I went to see Aftersun—the new, freakishly well-reviewed debut feature from the Scottish director Charlotte Wells—in a mid-sized seven-screen theater in the East Village on Saturday. There were maybe 15–20 other people in the room. When the movie was over, and the credits were rolling, no one moved for a solid minute. I don't know what percentage of the audience was responsible for this, but I could hear sobs. I have hang-ups about crying in public, so I shut my tears down pretty quickly, but it took some effort.
I don't think Aftersun is a movie that's actively trying to make you weep, like, I don't know, My Girl or The Fault In Our Stars. The two principal actors are each too committed to their own reality to play to the crowd in that way. But something in the reminder about what it's like to be 11 years old, and of the inherent gap between parent and child, touches a common nerve.

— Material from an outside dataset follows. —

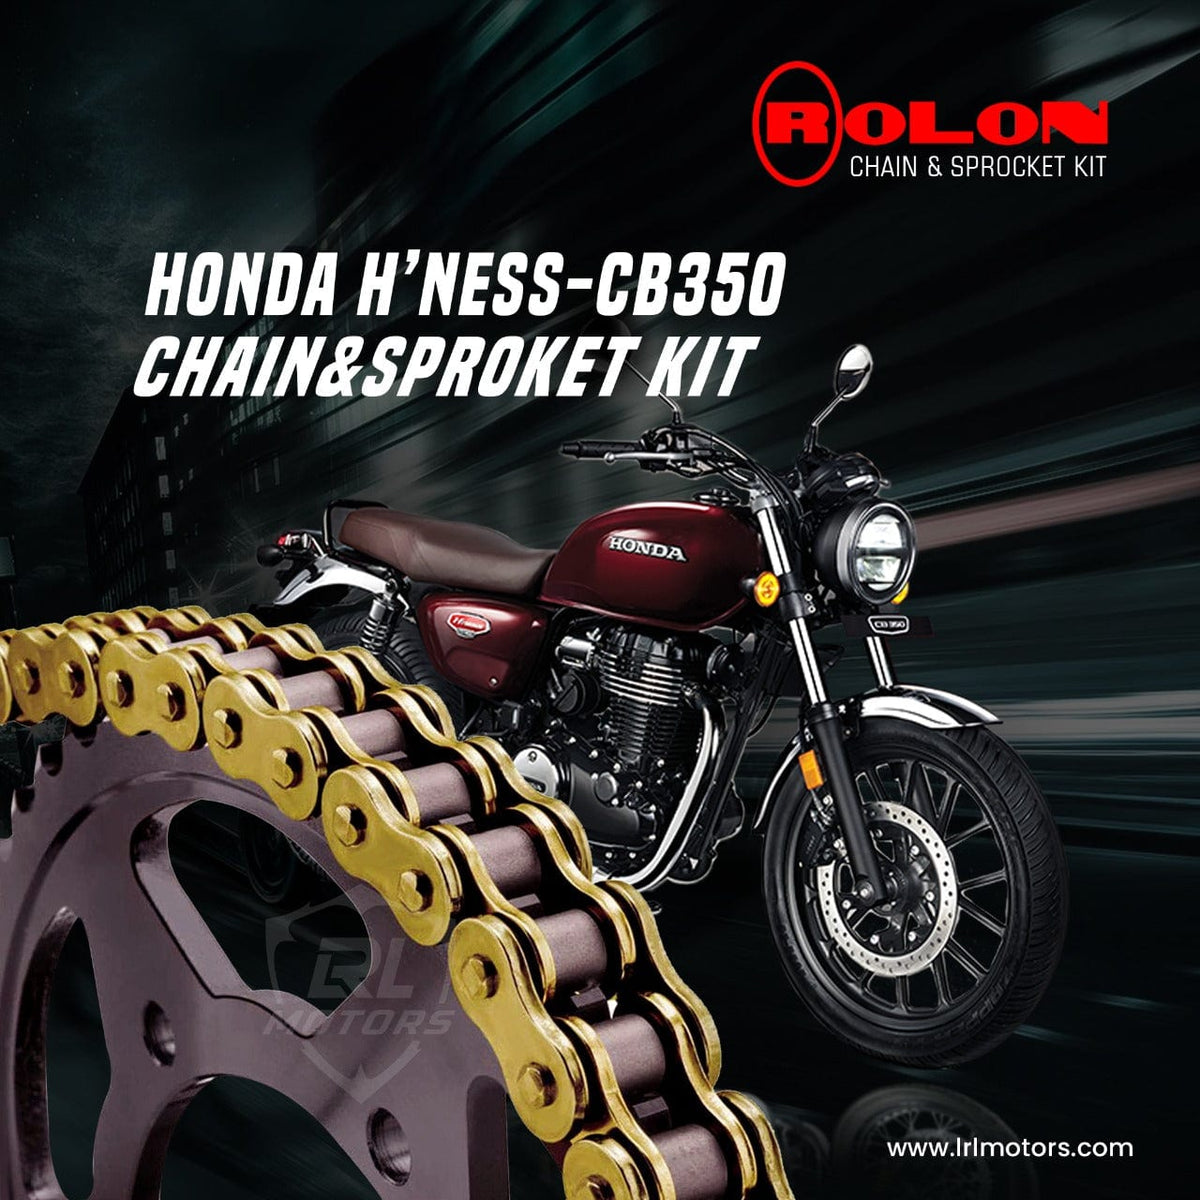 ROLON BRASS CHAIN SPROCKET KIT FOR HONDA HIGHNESS CB350 - LRL Motors

The plot of Aftersun can be pretty well summed in one sentence: Calum, a divorced Scottish dad who just hit his 30s, takes his 11-year-old daughter Sophie on vacation to an affordable, campy resort in Turkey sometime in the late '90s or early 2000s. Not knowing much about the film going in, I had a feeling of dread through the first 80 percent of it that something terrible was going to happen, but this was unnecessary, at least in the sense that neither character suffers serious on-screen trauma or physical harm. Everything meaningful happens beneath the surface, and Sophie's memory of this fairly normal, mostly nice vacation is just the vehicle to get us there. Paul Mescal plays Calum, and though the role is definitely meant for someone a little older he continues to earn his status as one of the internet's favorite boys with a performance that is both charming and heartrendingly empty at its core. Frankie Corio, a newcomer playing Sophie, is astonishingly natural with her halting yet unselfconsciously insightful dialogue, perfectly capturing a girl whose intuitions about the world exceed, as of now, the vocabulary and experiences needed to articulate them.
Perhaps because Mescal is definitely too young to be this girl's actual father, the two possess an intimate us-against-the-world chemistry more befitting siblings than parent and child. (Calum is mistaken for Sophie's brother at one point in the film.) They shoot pool together, quietly mock authority figures, slow dance in their room to the Blur song "Tender," and know exactly what to say when they want to hurt each other, too. But the more we're invited into Calum's moments away from Sophie at the resort, the more apparent it becomes that his charisma and playfulness don't carry over into any other parts of his life. He's got a broken arm at the beginning of the film whose cause he doesn't remember, and he hurts his shoulder later on under mysterious circumstances that follow several beers. He tells a diving instructor that he's surprised he made it to 30 and can't see himself at 40. He's moved from Edinburgh to London and, when asked by Sophie, says he feels like he can't go back. He's struggling with money and doesn't have any clear ambitions beyond maybe fixing up a house with a friend. He isn't in a relationship and still exchanges "I love you"s with Sophie's mom. If it wasn't for the presence of his daughter, you think, Calum might just quietly fade into nothingness. As the trip winds down, and their parting looms, that thought becomes more and more distressing.
Interspersed with scenes from the vacation are brief shots that eventually imply Sophie is recalling this trip from the present day, in a life where she and another woman are raising a baby in a city apartment. Less literally and more impactfully, several times we get moments of Calum dancing in what looks like a rave, unaware that adult Sophie is nearby, watching him. He's frozen in time at 31. This part of Sophie's consciousness is where he exists now, available as a memory but also painfully distant, unable to be reached as a fellow adult.
The movie 20th Century Women has a line I think about a lot. Annette Bening tells Greta Gerwig, about her son, "You get to see him out in the world, as a person. I never will." Versions of that sentiment are often written about parents who raise their children into independence, but it's true in reverse, too. The blessing and the curse of a parent-kid relationship is that it can never be on equal terms—can never be a camaraderie untinged by a history of dependency and responsibility. You see the other as only you can while blinded to any other version that might exist. When that relationship ends, you're left with a person in your head who only ever existed to you. That distance is inevitable, and it makes what you do have feel like a miracle with an expiration date. I think that's why a lot of us were crying.